I probably knew this a priori as a child, but it came as something of a revelation to the “sophisticate” I had become. On a moral scale of human activity from genocide at one end to sainthood at the other, all art making, whether that of children, amateurs, outsiders, fine artists or geniuses, is way up there at the divine end of the spectrum. It’s a good thing to do whether the art establishment or the art market values it or not.
My approach to writing about art has evolved such that I now attempt to see and accept all art for what it is and what I imagine it is trying to do. I endeavor to be the best audience an artist can have, someone who will look long enough to ask questions and think about what the artist is up to whether they are trying to save the world or just make it a little more beautiful. To the degree that I can help the average reader find ways to approach difficult art that is what I want to do as a writer. But you do have to know a little something about art history to understand why a rectangular block of rusty steel by Richard Serra or a compacted bale of tin cans by Adriane Herman, to name two of my favorite pieces of art in Maine, are important works of art. But that’s a story for another time.

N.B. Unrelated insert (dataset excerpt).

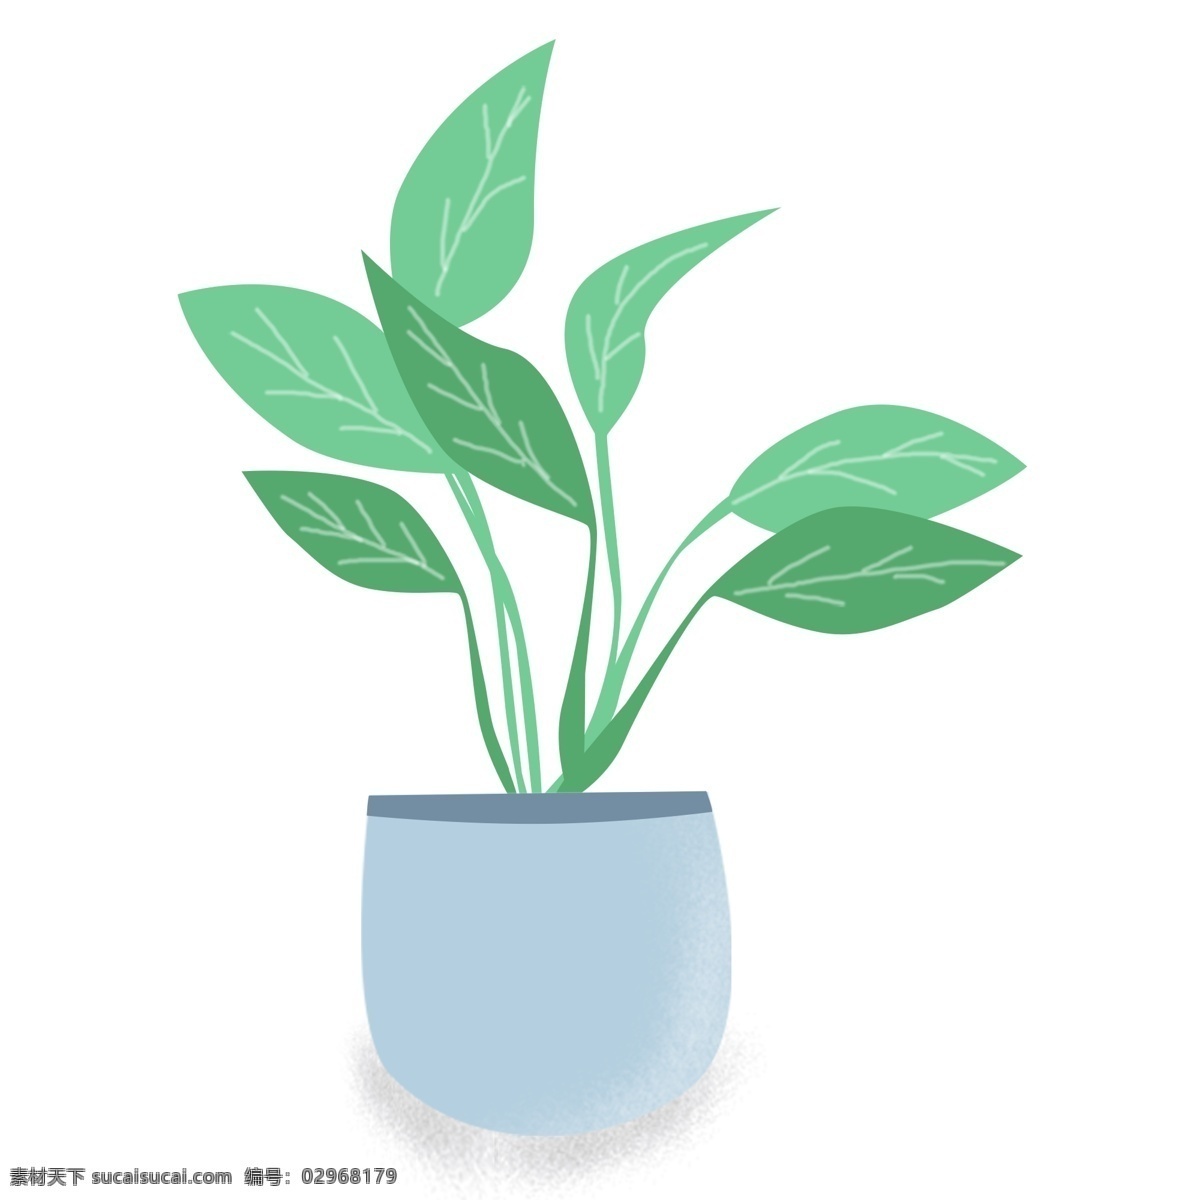 卡通 手绘 盆栽 插画 免扣素材 透明素材 卡通素材 可爱 植物 清新

My long-winded point here is that as I matured as a writer, I came to a renewed appreciation of my mother’s modest achievements as a watercolorist. Watercolor, except in the hands of a few painters such as Winslow Homer, John Marin, Georgia O’Keeffe and Andrew Wyeth, tends to be seen as a lesser medium than oil, acrylic, casein or tempera. Watercolors are humble things, a little powdered pigment mixed with water, the stuff of school children, illustrators and amateurs.
Watercolor was my mother’s medium. Her wet-on-wet still-life, landscape and floral paintings were only seen in the homes of her family and friends and once a year at the holiday art show at her church. Something about watercolor spoke to my mother and now she speaks to me through it.
The last two paintings we acquired – a lily by DeWitt Hardy and a pair of dark, brooding views of the apple tree in his New Brunswick backyard by Stephen Scott – are watercolors. It was not until a visitor saw the Hardy painting and asked if it were by my mother that it dawned on me that a lot of the appeal of the lily and the apple trees is that they are fluent in the fluid language my mother tried to speak.
During the last two years of their lives my parents’ world was reduced to a shared room in a nursing home. Other than family photographs, they took precious little with them when they could no longer live in their own home, but one of the few things my mother took were her watercolors. As she approached 90 and eternity in the nursing home, my mother created an identity for herself beyond that of old lady, invalid and patient. She painted small watercolors for staff members and fellow patients, taking special requests and sharing her time and talent right to the very end. Painting gave her an identity. Betty Beem was an artist. I know that now, but I didn’t always.